Cette vision est-elle « solutionniste » ou bien relève-t-elle de l’assistance mutuelle et de la solidarité ? Dans Le Monde diplomatique, le chercheur états-unien Evgeny Morozov, grand sceptique face au développement des technologies numériques s’emporte contre l’optimisme technologique de Yuval Noah Harari que nous citions la semaine dernière dans cette revue de presse des idées.

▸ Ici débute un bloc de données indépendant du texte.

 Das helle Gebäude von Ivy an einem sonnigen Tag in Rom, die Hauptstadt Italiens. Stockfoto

Pour Morozov, l’auteur de Sapiens est un représentant de cette idéologie prétendument post-idéologie, « tout droit sortie d’un manuel de propagande de la Silicon Valley : rendons les citoyens autonomes grâce à la connaissance ! » Une idéologie qui « recommande un ensemble de mesures ad hoc, dites « pragmatiques », pour maintenir en marche le capitalisme mondialisé tout en résolvant les innombrables problèmes et contradictions qu’il génère. Avec, étonnamment, de juteux profits à la clé. » Evgeny Morozov propose une alternative : « un ordre social qui ne soit ni néolibéral ni solutionniste, et qui devra nécessairement être peuplé par des acteurs autres que les consommateurs, les start-ups et les entrepreneurs. Aussi tentant soit-il de bâtir ce nouvel ordre sur les fondations numériques proposées par Amazon, Facebook, ou votre opérateur mobile national, rien de bon n’en sortira : au mieux, un nouveau terrain de jeux pour solutionnistes, au pire, une société totalitaire envahissante fondée sur la surveillance et la répression. »

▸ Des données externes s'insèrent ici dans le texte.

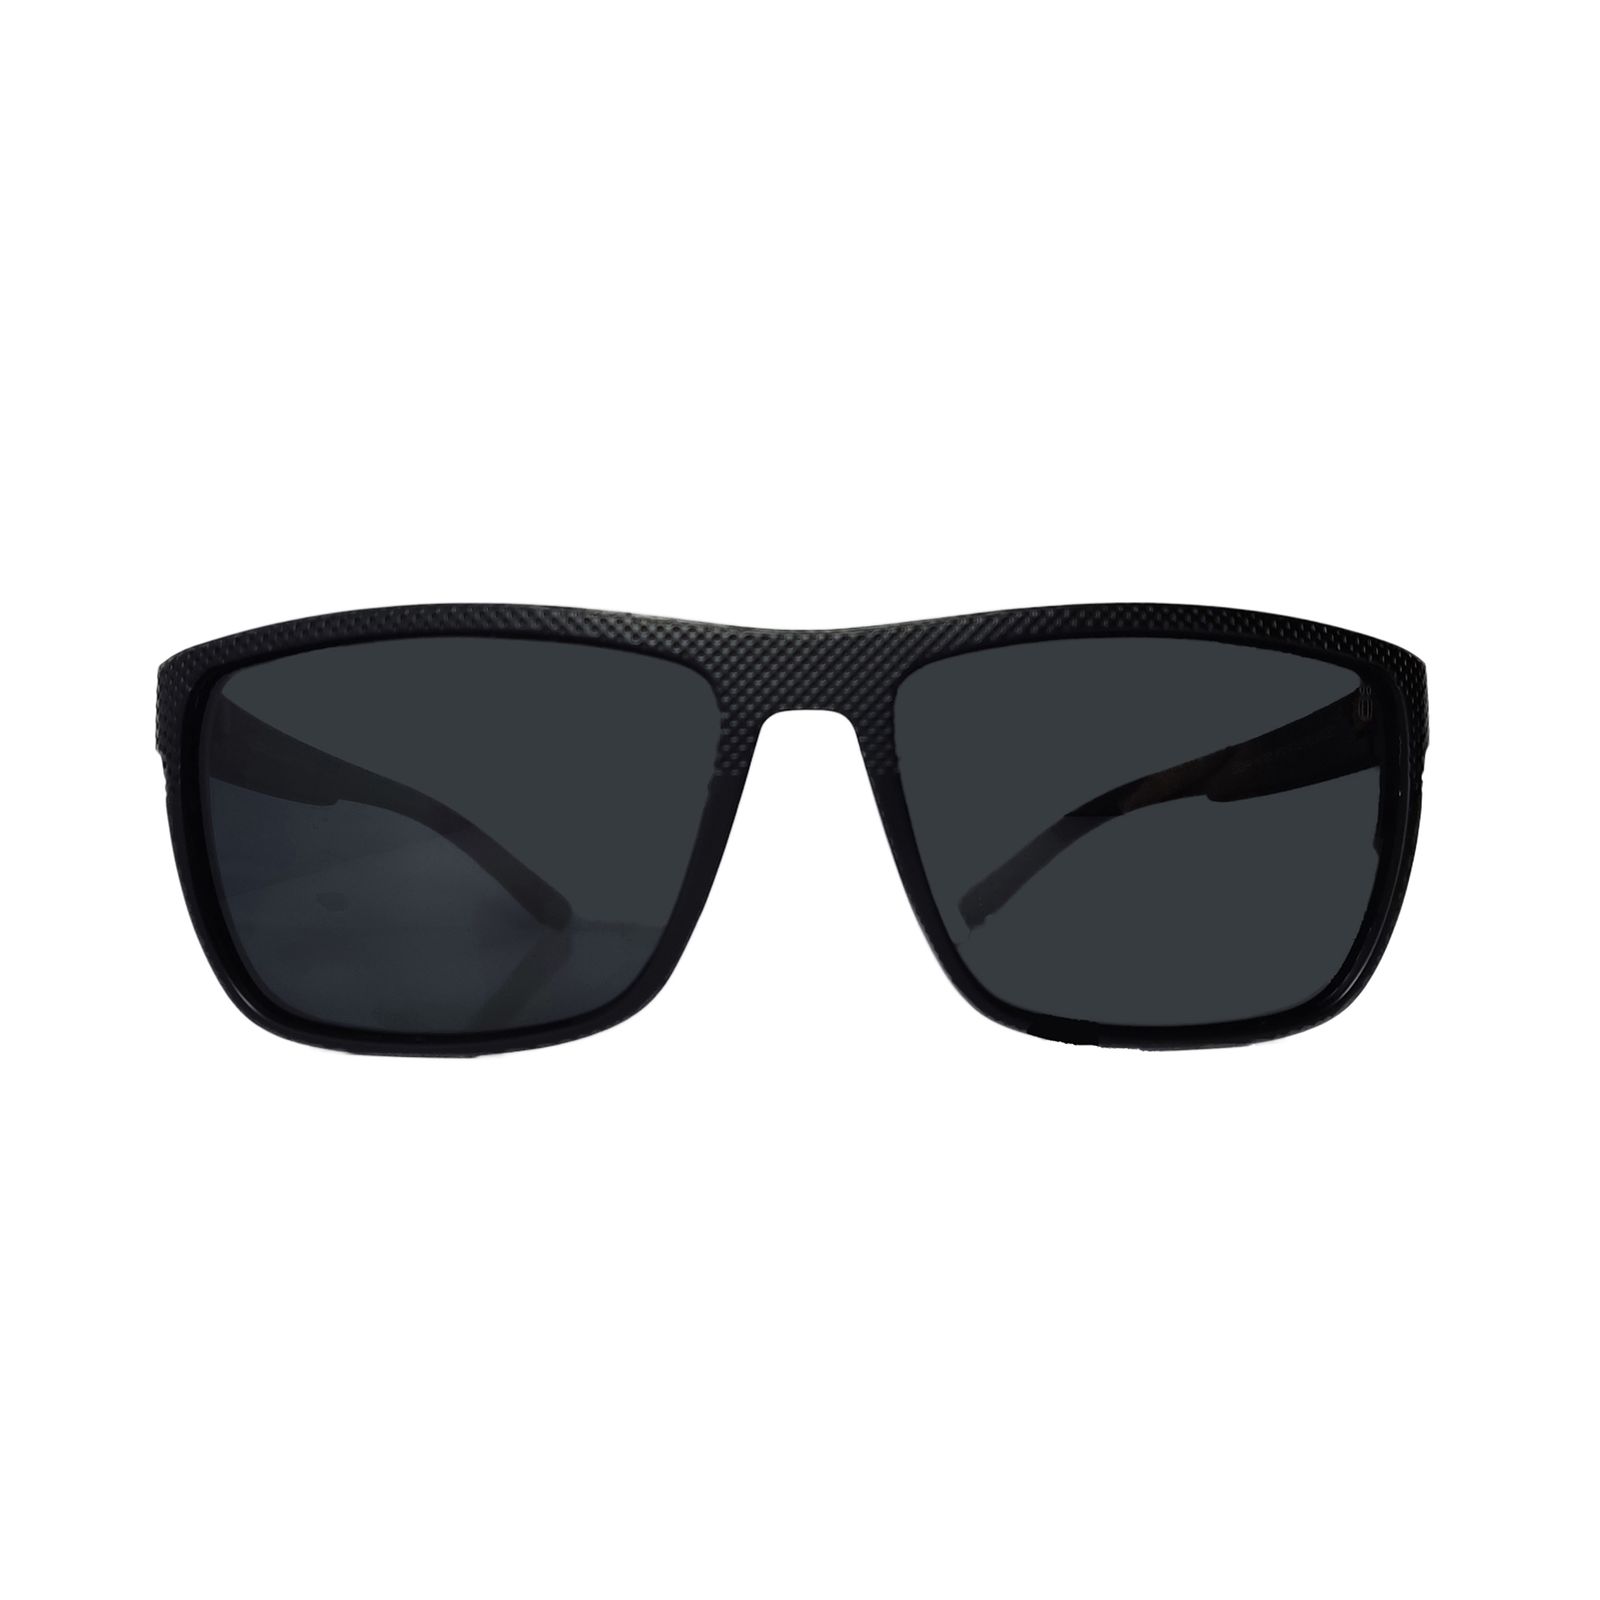 عینک آفتابی مورل مدل P97090c4 -  - 1

S’exempter de ses responsabilités ? 

Pour conclure, écoutons dans La Croix la parole d’un écrivain, l’académicien Dany Laferrière, recueillie par Jean-Claude Raspiengeas. Le romancier haïtien vivant à Montréal et confiné à Paris s’étonne de la concurrence actuelle entre nations et de la recherche de boucs émissaires. Avant de lui trouver une explication :

Quand on prend une société qui a beaucoup de biens et dispose de la capacité de consommer, en jouissant d’une espérance de vie très longue, il est normal qu’elle se révèle plus fragile. Et qu’elle ait envie de ne pas perdre ce confort, ces acquis, d’en jouir et de les exploiter le plus longtemps possible. Dans un pays comme Haïti, toujours si proche de la misère et de la mort, où l’on ne cesse de frôler le gouffre et les extrêmes, on est moins sujet à cette panique. On est trop pauvre pour être malade, et la mort vous fauche vite. Quand 70 % de la population a moins de 25 ans, on vit très vite, avec une grande intensité, confrontés à une succession de situations dramatiques. (…) Ici, on attend tout de l’État. L’indiscipline, fustigée et sanctionnée, qui consiste à sortir se promener au mépris de toutes les règles sanitaires, s’explique par ce recours permanent à la puissance tutélaire de l’État

Sous l’œil de l’écrivain, les Français fuient leur responsabilité « en reportant les causes et les effets sur l’État. Si je meurs, c’est la faute de l’État qui n’a pas fait son travail. « Ça fait des semaines qu’il pleut, que fait le maire ? » Ce n’est jamais de notre faute s’il nous arrive des malheurs. Dans une société qui a basé toute sa structure, sa force, sur cette dépendance à l’État au centre de tout, comprendre que nous sommes les acteurs de notre vie demande un effort de conscience et de réaction. C’est une forme d’infantilisation. C’est à notre maman, ou à notre papa, d’être sévères avec nous, de nous dire ce qu’il faut faire ou ne pas faire. Même si nous sommes très éduqués, civilisés, il nous faut une amende pour comprendre. On est des « mineurs ». » Et l’académicien Dany Laferrière d’imaginer à son tour, vue depuis sa chambre près de la gare de l’Est, la sortie et le déconfinement en France : « Au début, on va croire qu’il n’y a que cela. On va répéter que l’humanité n’avait pas subi une telle catastrophe depuis la Seconde Guerre mondiale. On va dire toutes sortes de choses dans l’ordre de l’inouï. Mais l’anecdote et le superficiel reprendront le pouvoir. (…) La nature humaine attend impatiemment, en piaffant, de recommencer, de repartir de plus belle. Dès que l’État dira « c’est ouvert », tout repartira comme avant. »

Emmanuel Laurentin, avec l’équipe du « Temps du débat ».